▸ GIVEN INFORMATION

────────────────────

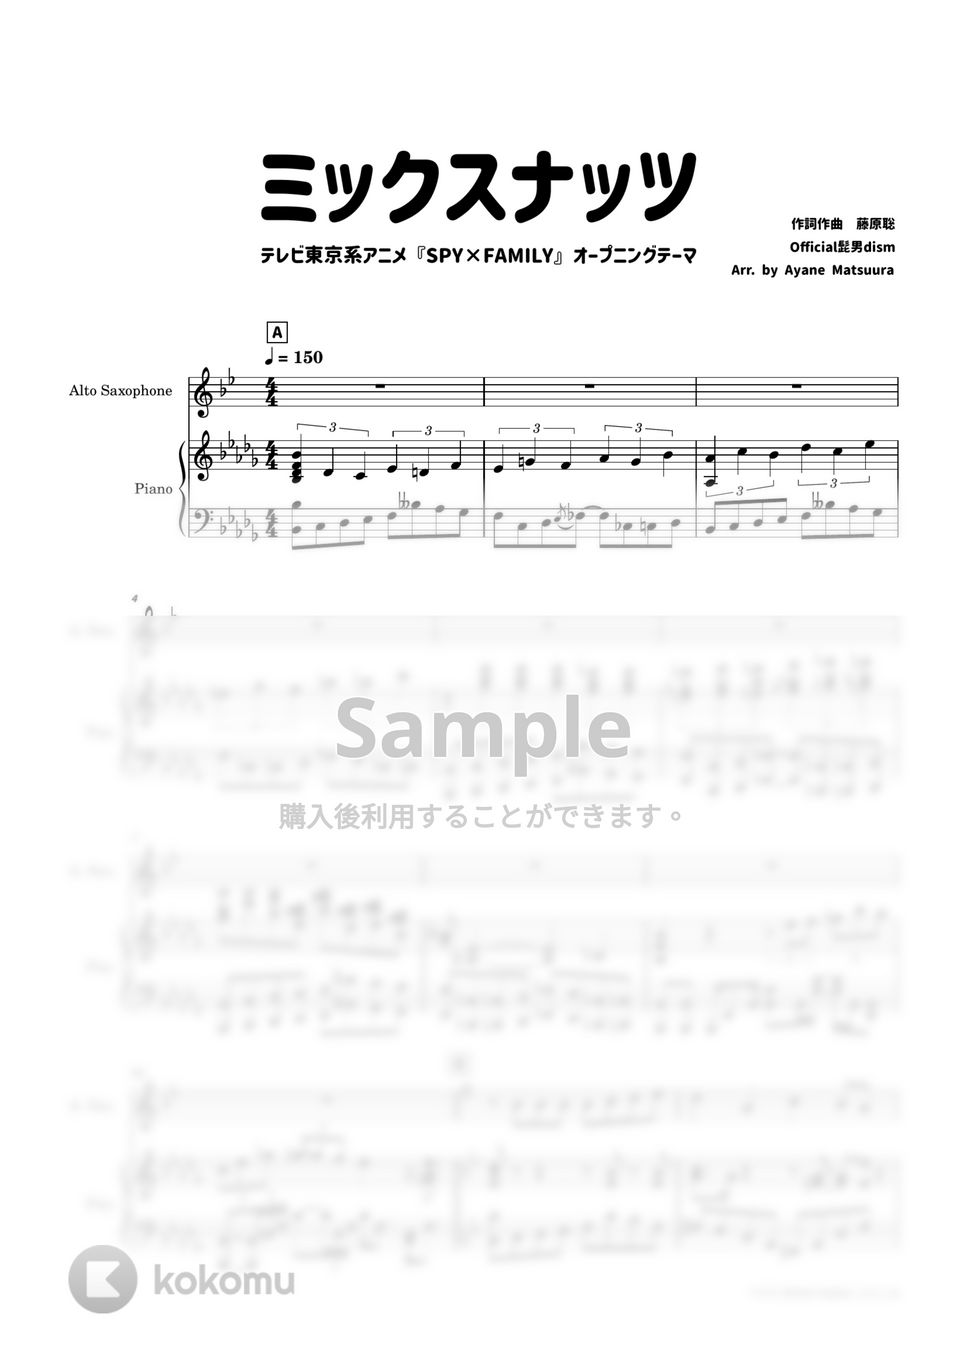 Official髭男dism - 【アルトサックス＆ピアノ】#1♭2ミックスナッツ（Official髭男dism） by 管楽器の楽譜★ふるすこあ
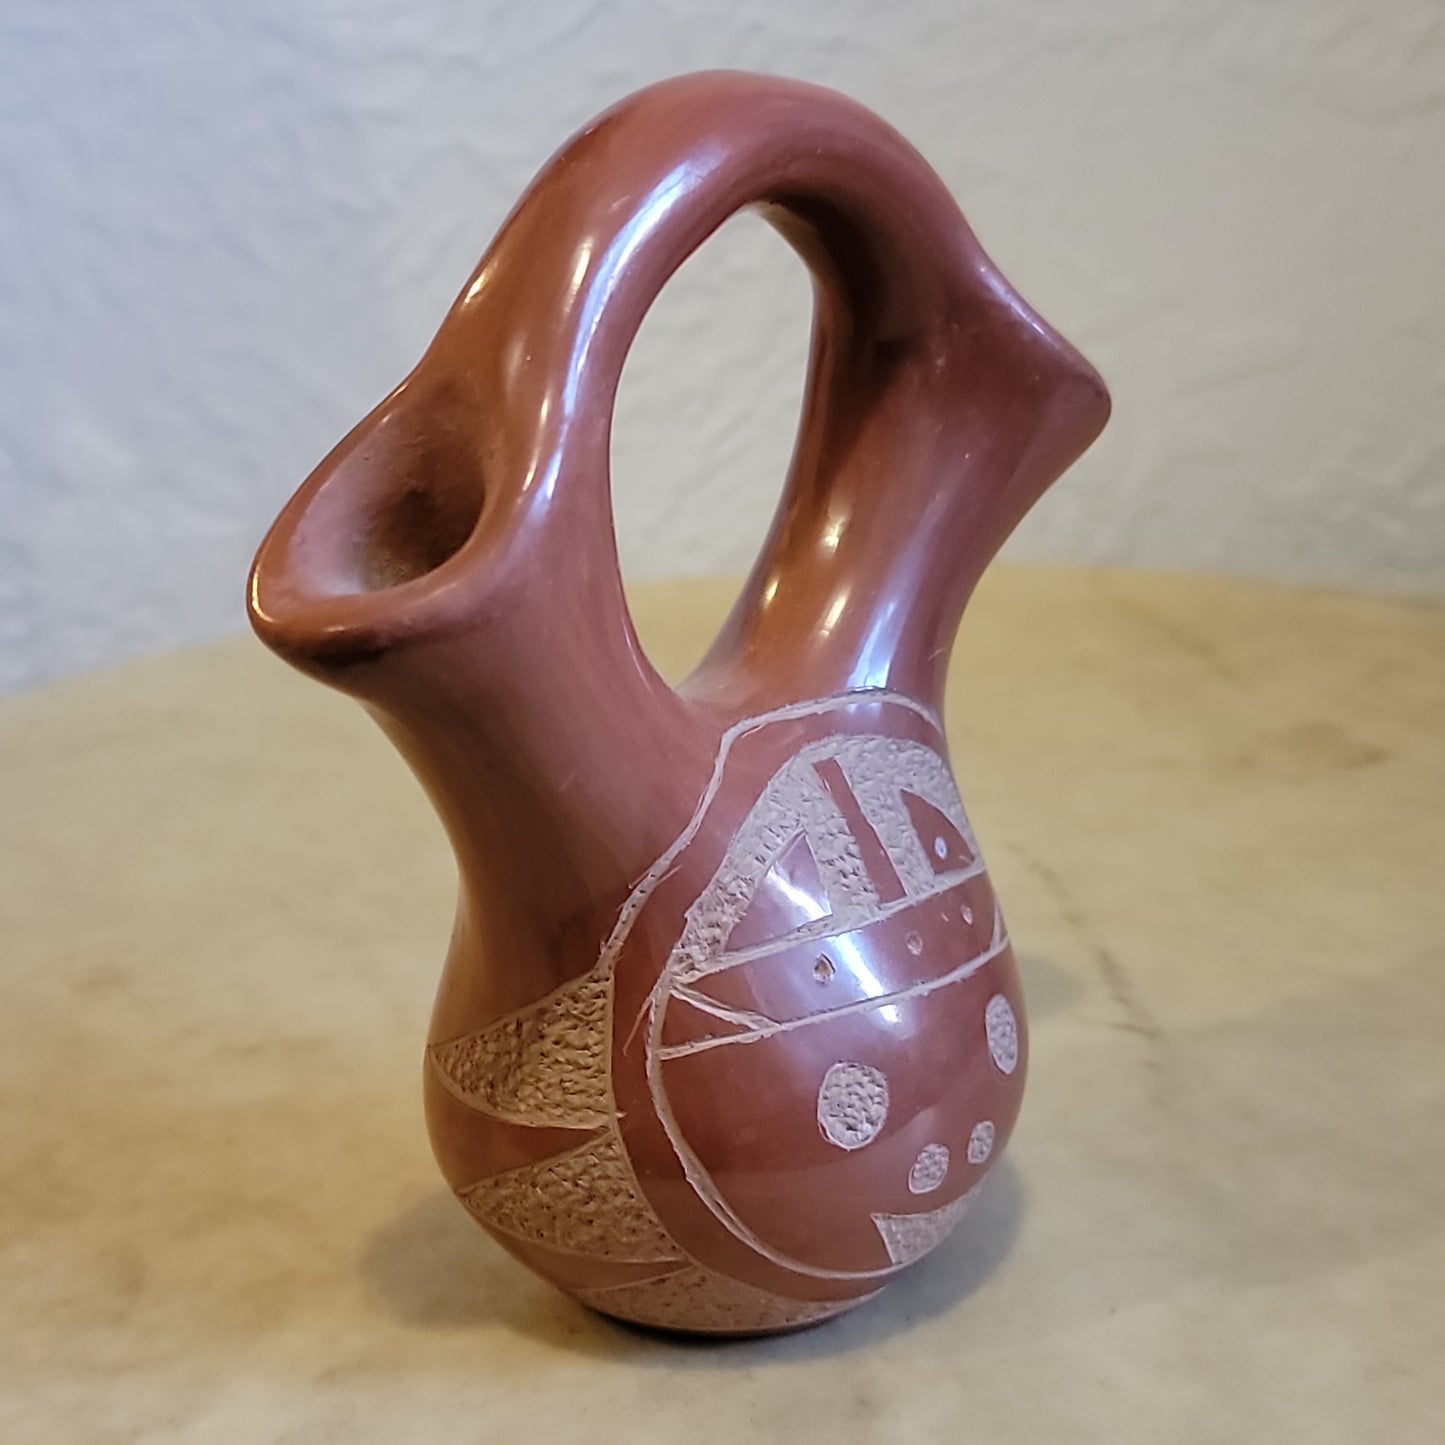 Vintage Leonidas Tapia San Juan Redware Carved Wedding Vase Pueblo Pottery
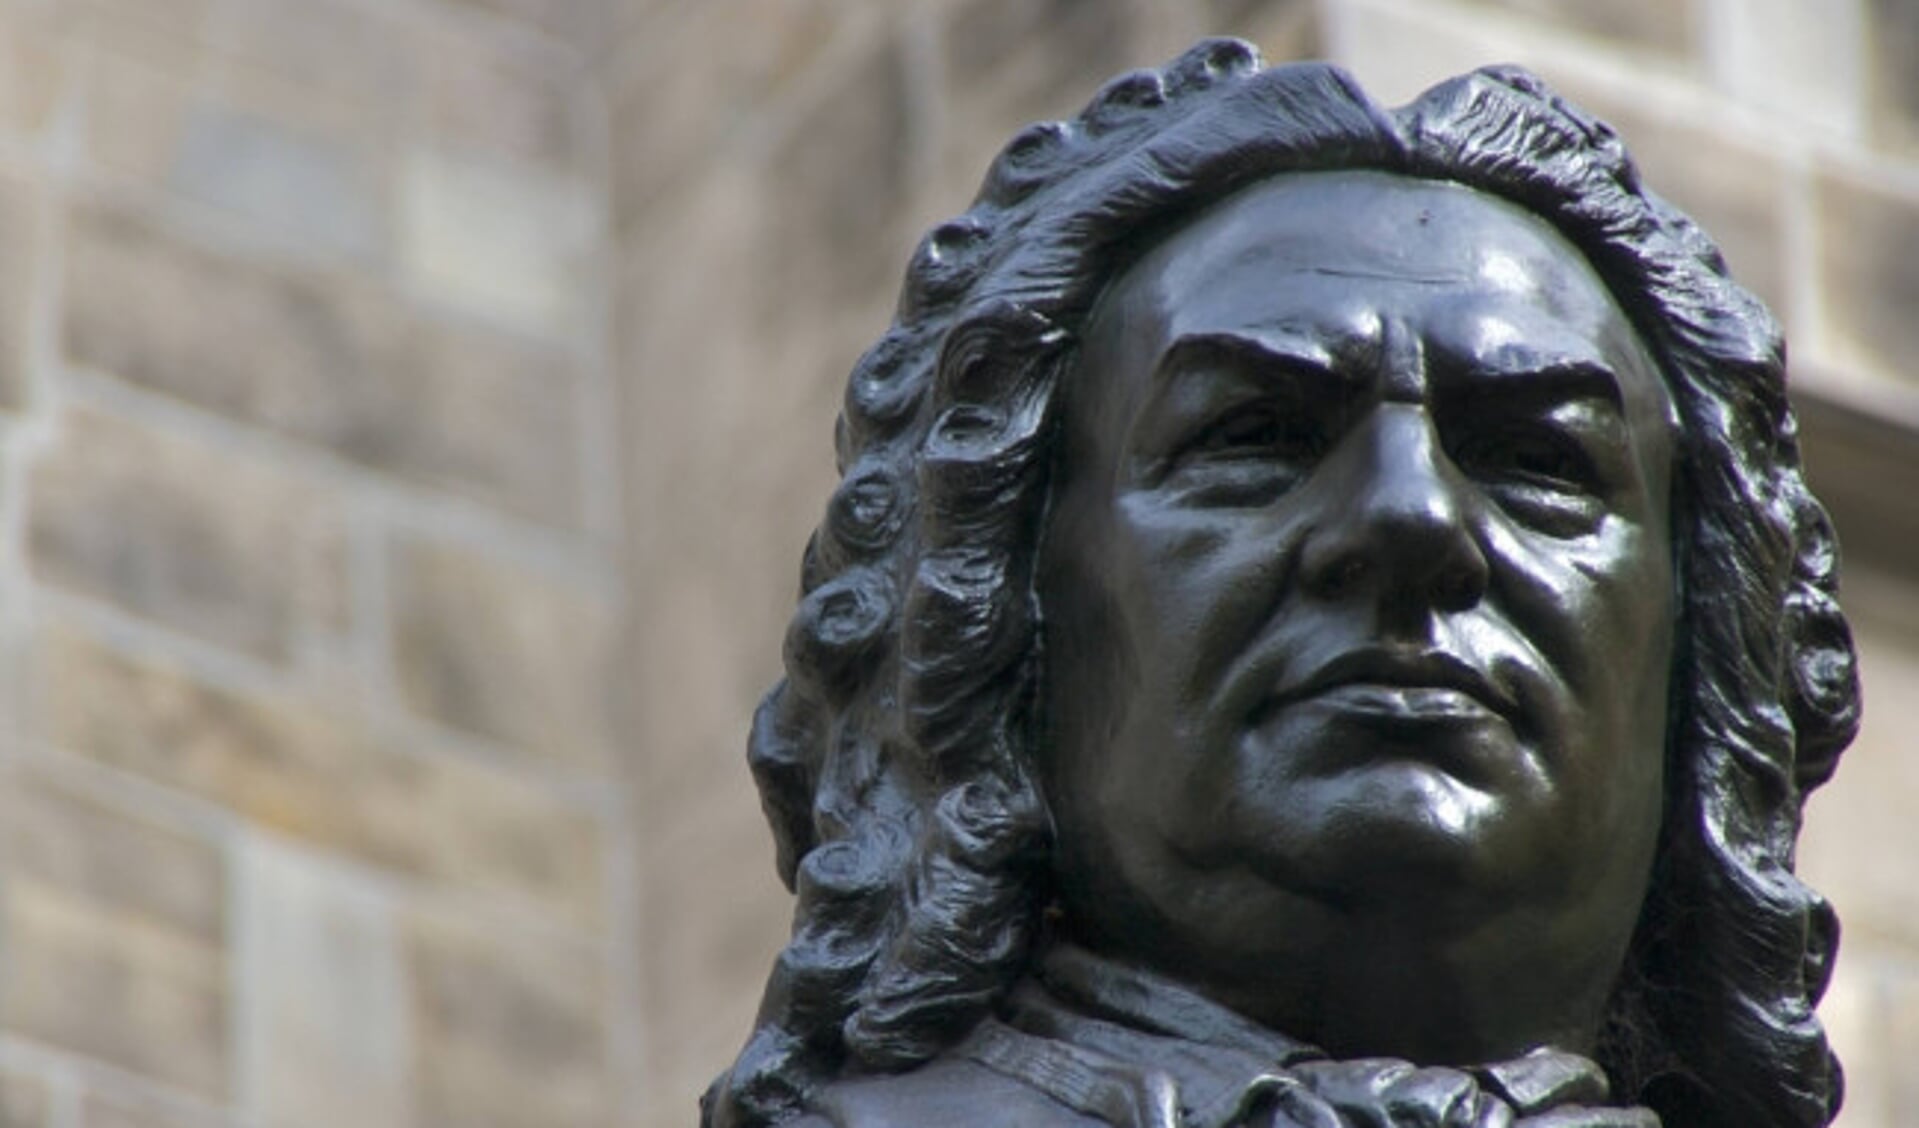 Deel van het standbeeld van Johann Sebastian Bach voor de Thomaskirche in Leipzig waar Bach cantor-organist was.
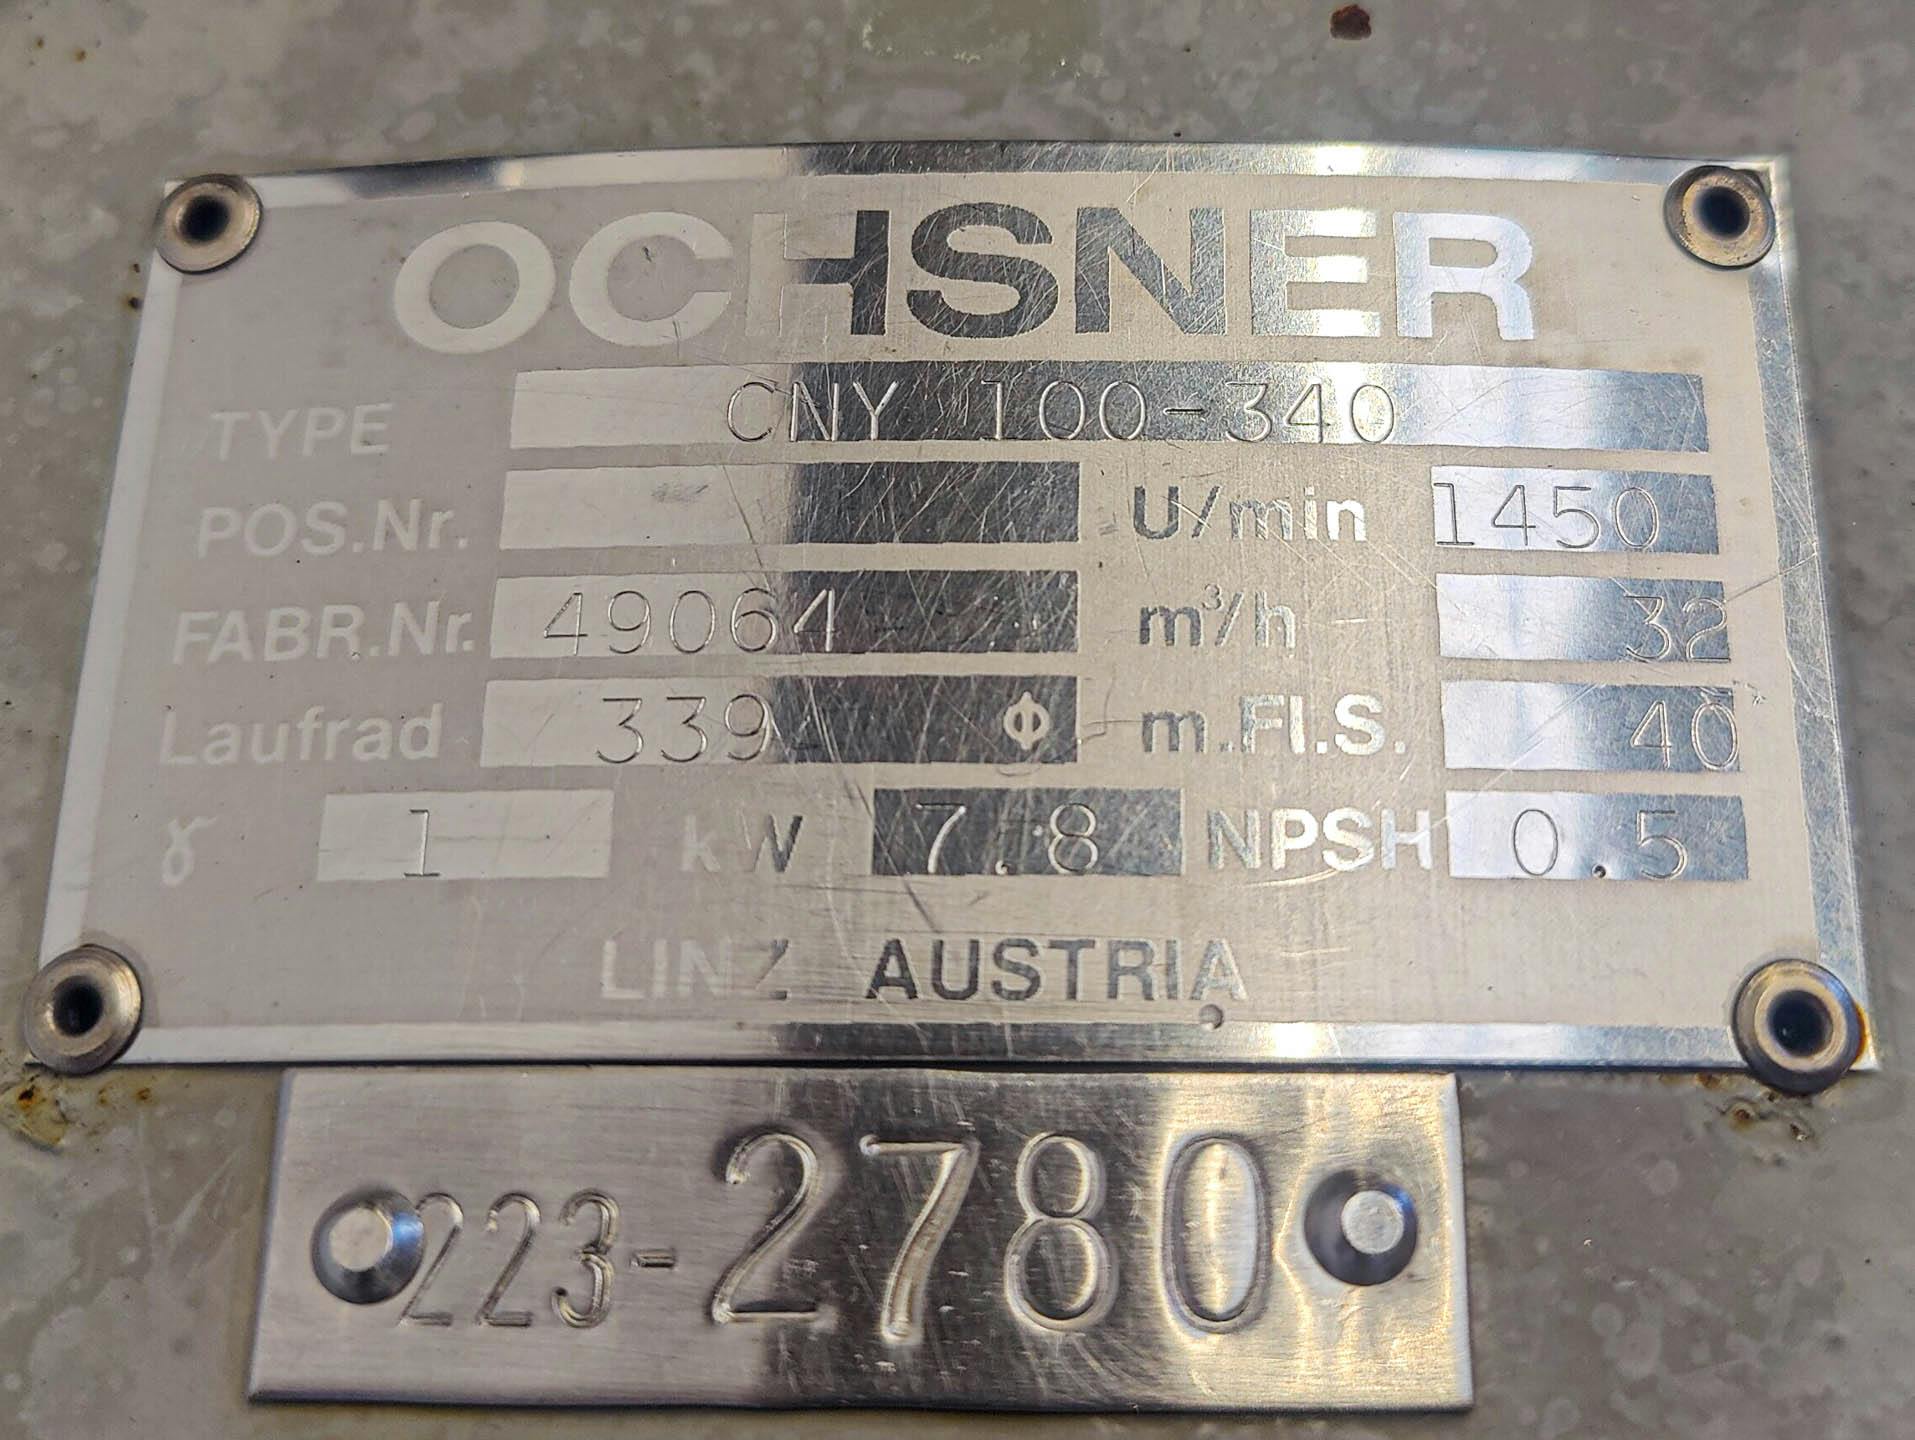 Ochsner CNY 100-340 - Центробежный насос - image 6

────────────────────

▸ REQUIREMENT
In the listing above, find the line containing "Deel van het" and restate it and every later line verbatim, with the pictures left out.

▸ EXERCISE RESPONSE
 Deel van het standbeeld van Johann Sebastian Bach voor de Thomaskirche in Leipzig waar Bach cantor-organist was.
 Ochsner CNY 100-340 - Центробежный насос - image 6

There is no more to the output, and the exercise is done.